Sex differences in any phenotype are caused by two kinds of mechanisms, ontogenetic (factors that are inherently different between each male and female, which cause sexual differentiation of tissues), and population-level mechanisms (factors that act in a greater proportion of individuals of one sex than the other, leading to average differences among males and females). Ontogenetic factors include the effects of gonadal hormones, both organizational (permanent, differentiating) and activational (reversible) effects [14]. Variation in the effects of gonadal hormones would be expected to produce the largest sex differences in variability of traits, and accordingly, it is temporal or socially induced variation in effects of gonadal hormones that is most often suggested as a source of sex differences in trait variance. The population-level factors include the following: (1) Hemizygous exposure of X alleles. Variation in X alleles induces more variation in phenotypes of males than females because the effect of each variant is averaged across two alleles in females but is expressed fully in individual males. For example, Fragile X syndrome and other types of X-linked mental retardation affect human males more than females [15, 16]. The averaging process should reduce variability among females relative to males. (2) Individual sexually antagonistic autosomal alleles (conferring different fitness effects in males and females) may occur more in one sex than the other because sex-specific deleterious or lethal alleles might drop from the population of one sex more than the other. (3) “Mother’s curse” [17, 18]: because the mitochondrial genome is passed from mother to daughter, male-disadvantageous alleles may build up if they confer advantages to females and disproportionately promote disease in males.

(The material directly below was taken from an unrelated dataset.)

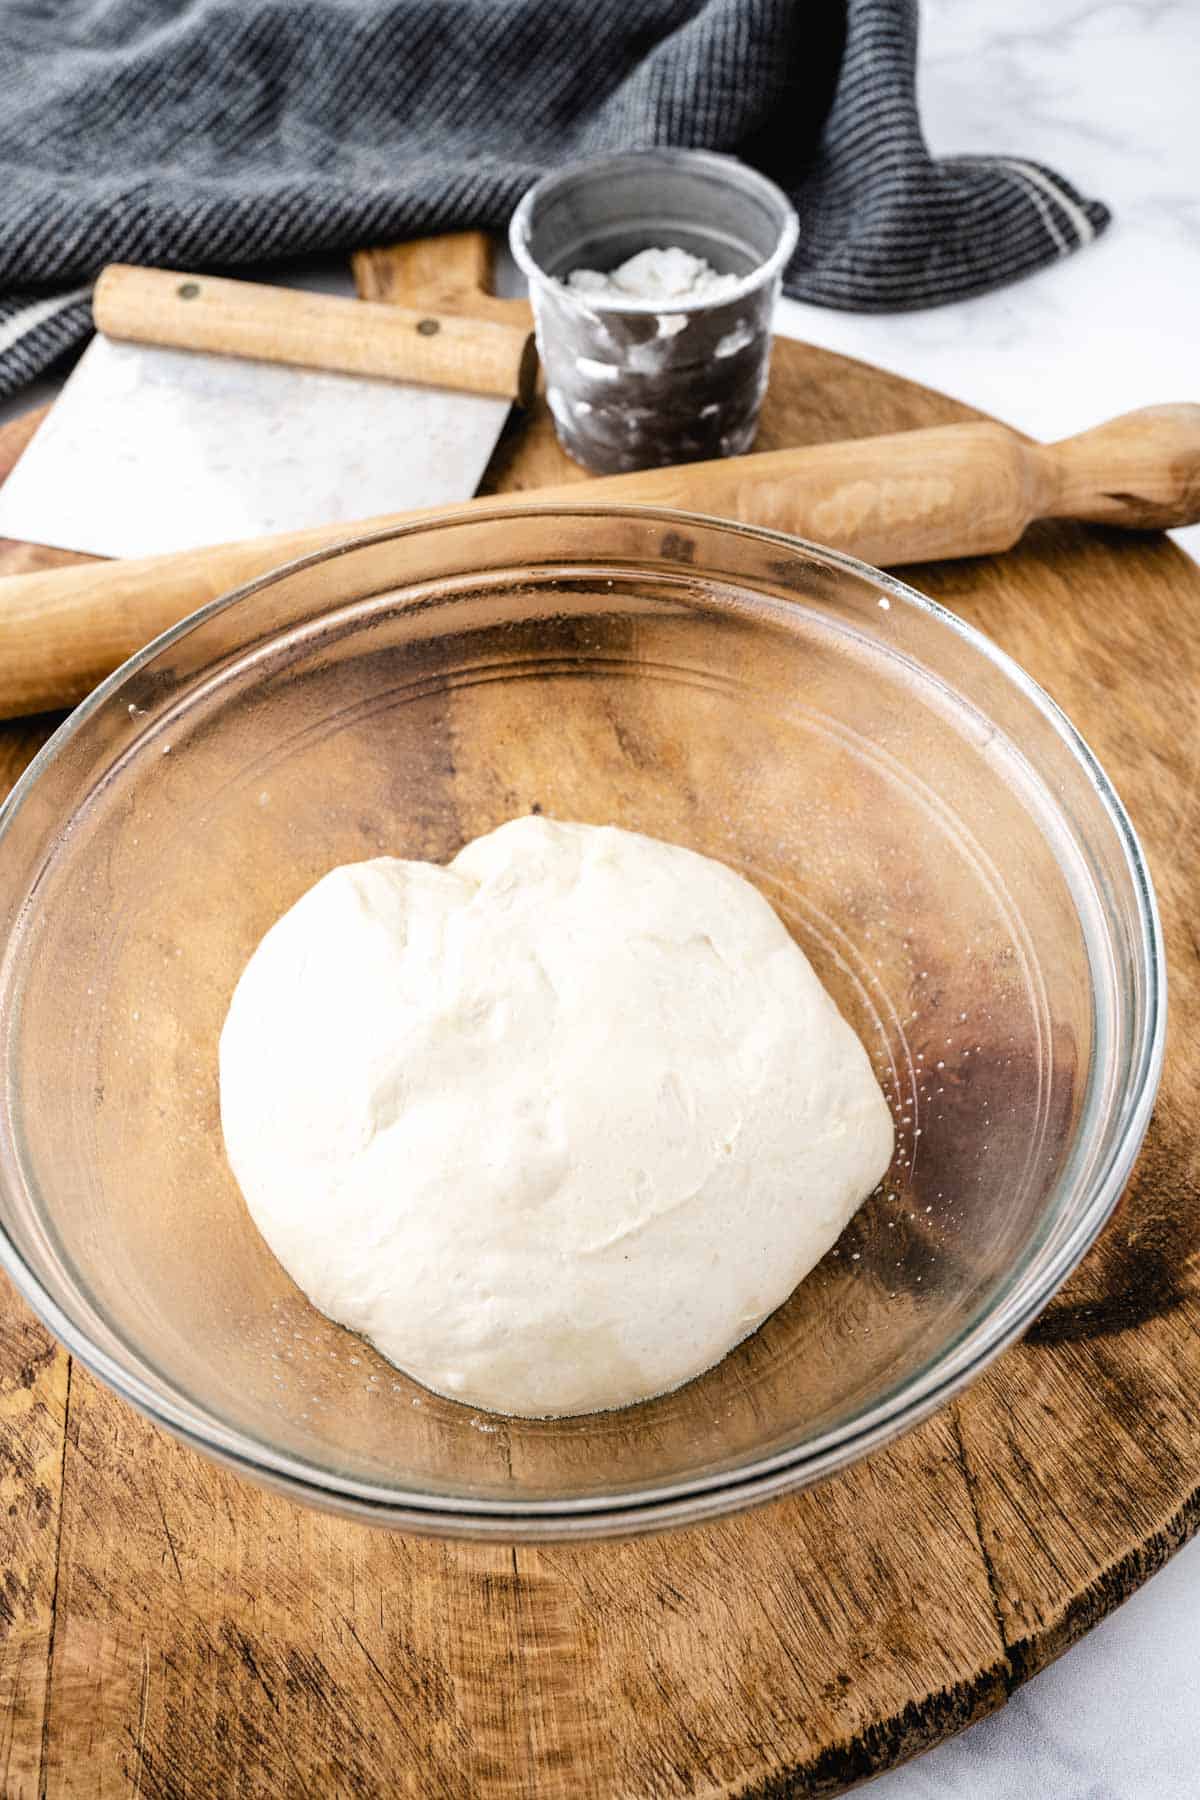 A ball of pizza dough in an oiled glass bowl set on a wooden tray.

Although sex differences in level of gene expression are normally thought to contribute to sex differences in physiology or disease, sex-biased variation itself, caused by any type of ontogenetic or population-level effect, can cause one sex to reach a threshold for disease or lethality more than the other sex.

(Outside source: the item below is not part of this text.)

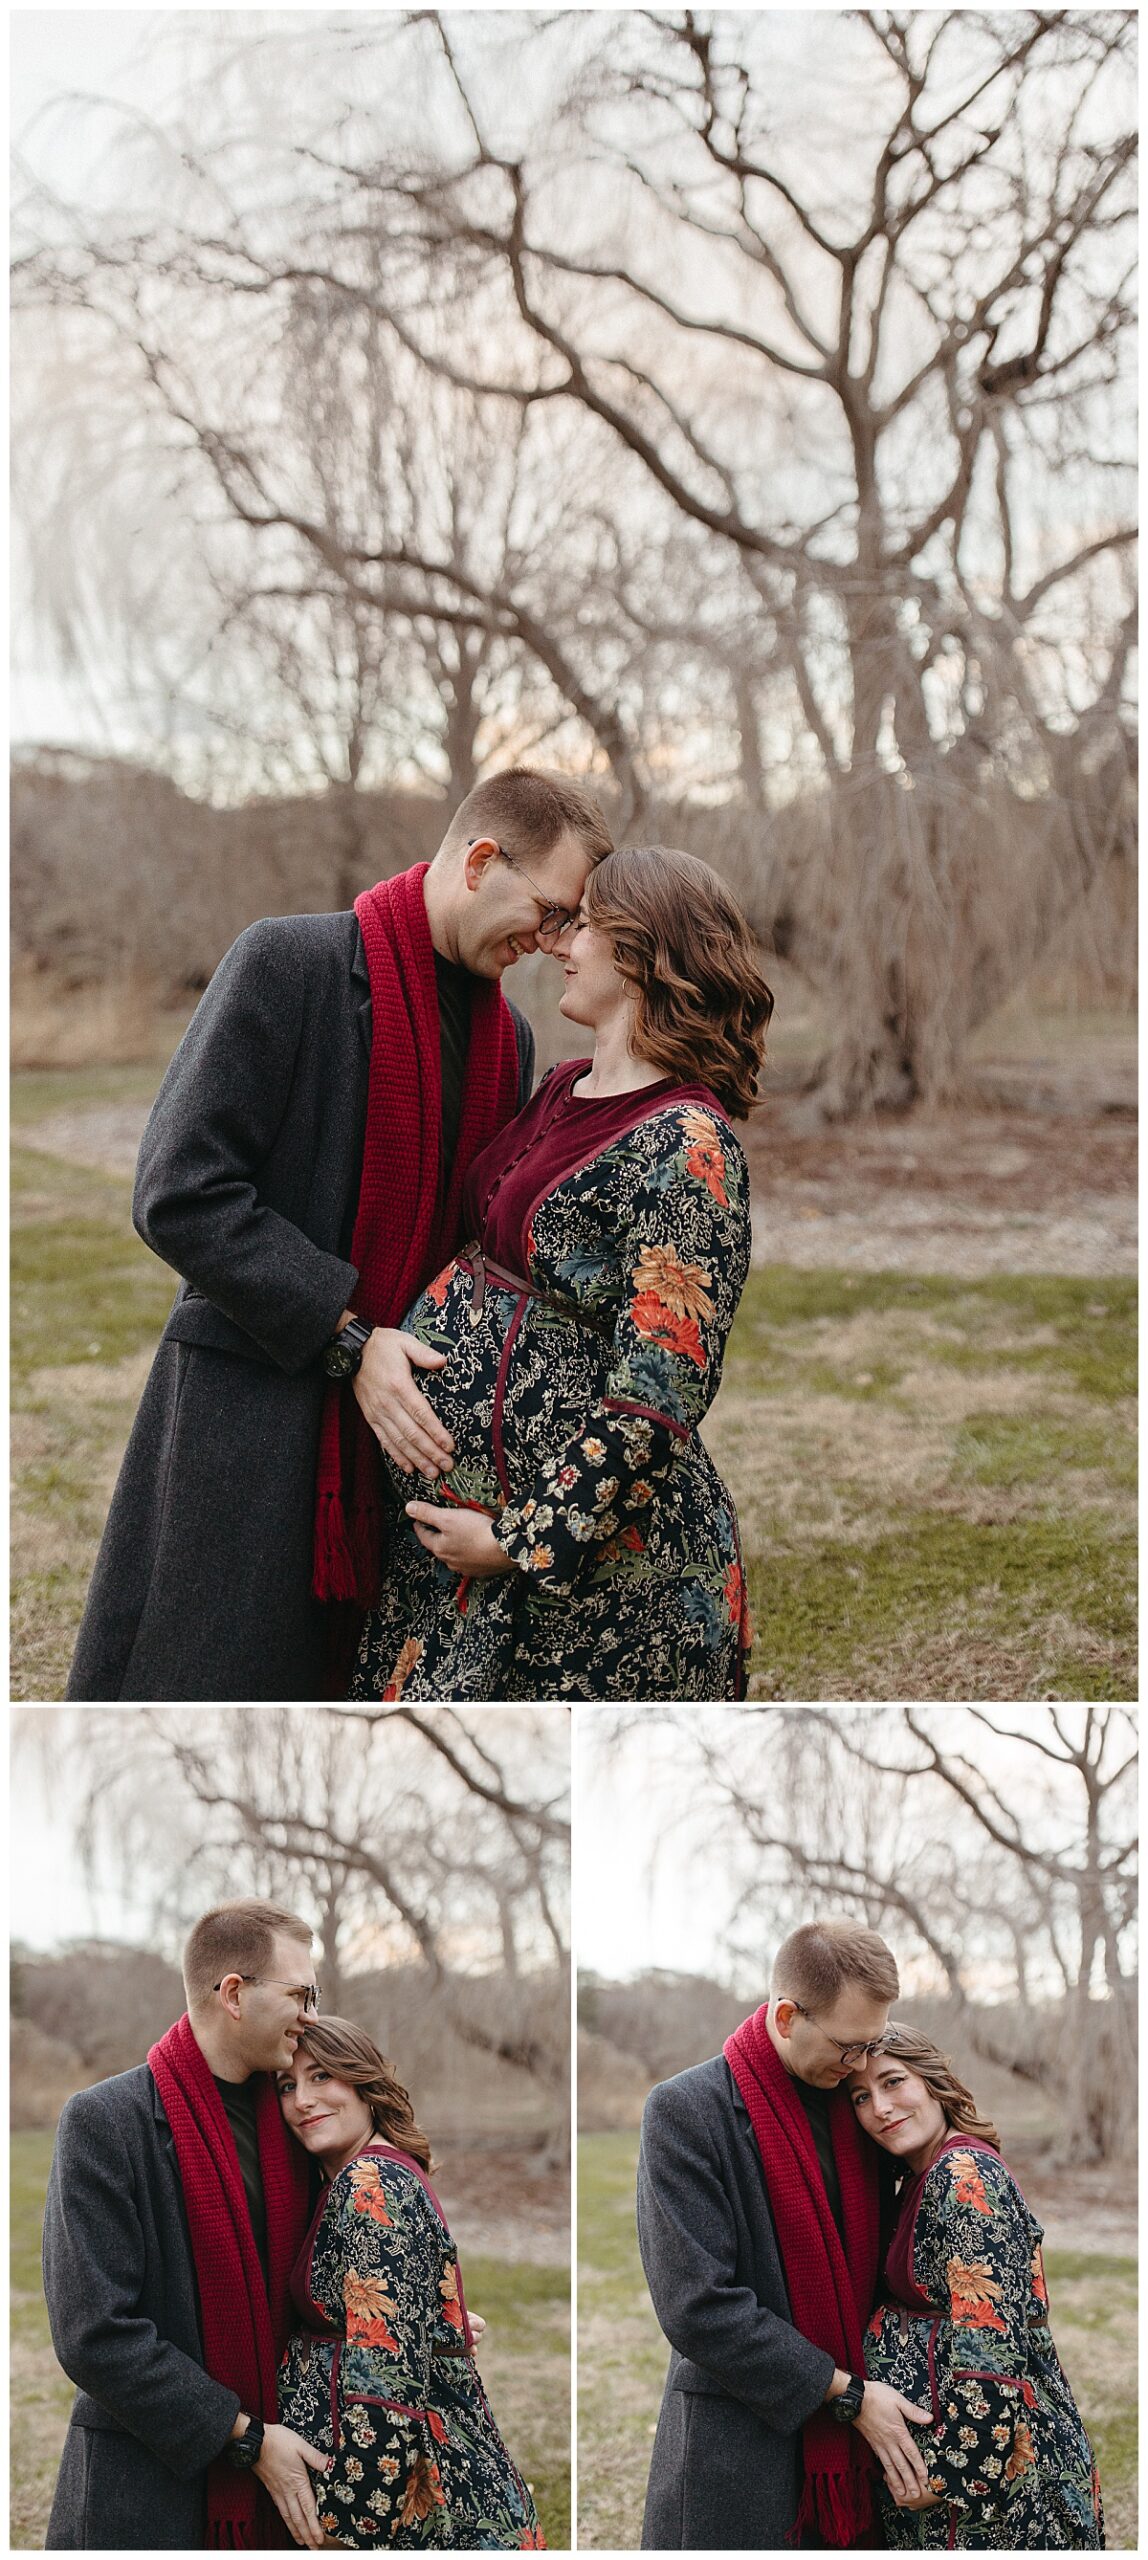 man leans in placing hand on woman's growing belly at Garden Maternity Session

The population-level sources of sex-biasing factors will operate only in genetically heterogeneous populations, not in inbred strains. Among the samples analyzed here, therefore, we expected that the human datasets would represent measures of genetically heterogenous individuals, whereas the mouse datasets would often come from inbred lines. This species difference may have contributed to the greater CV of probes in datasets from humans than from mice (Fig. 5). Some evidence suggests that X genes showing high CV values were more likely to occur in males than females (Table 2). Otherwise, we found little evidence that X genes had greater variability in males than females in humans (where it might have occurred) than in mice (where we did not expect it). Because X genes drive and are driven by autosomal genes within gene networks, it is likely that any tendency for greater variation in X gene expression in males is blunted by network feedback or other interactions with autosomal genes, which comprise the vast majority of interacting partners of X genes within gene networks and which would not be expected to show an overall inherent sex bias.

Conclusion

Based on extensive analysis of microarray datasets measuring gene expression in both sexes of mice and humans, we found no evidence that variability of gene expression is generally greater in females than males.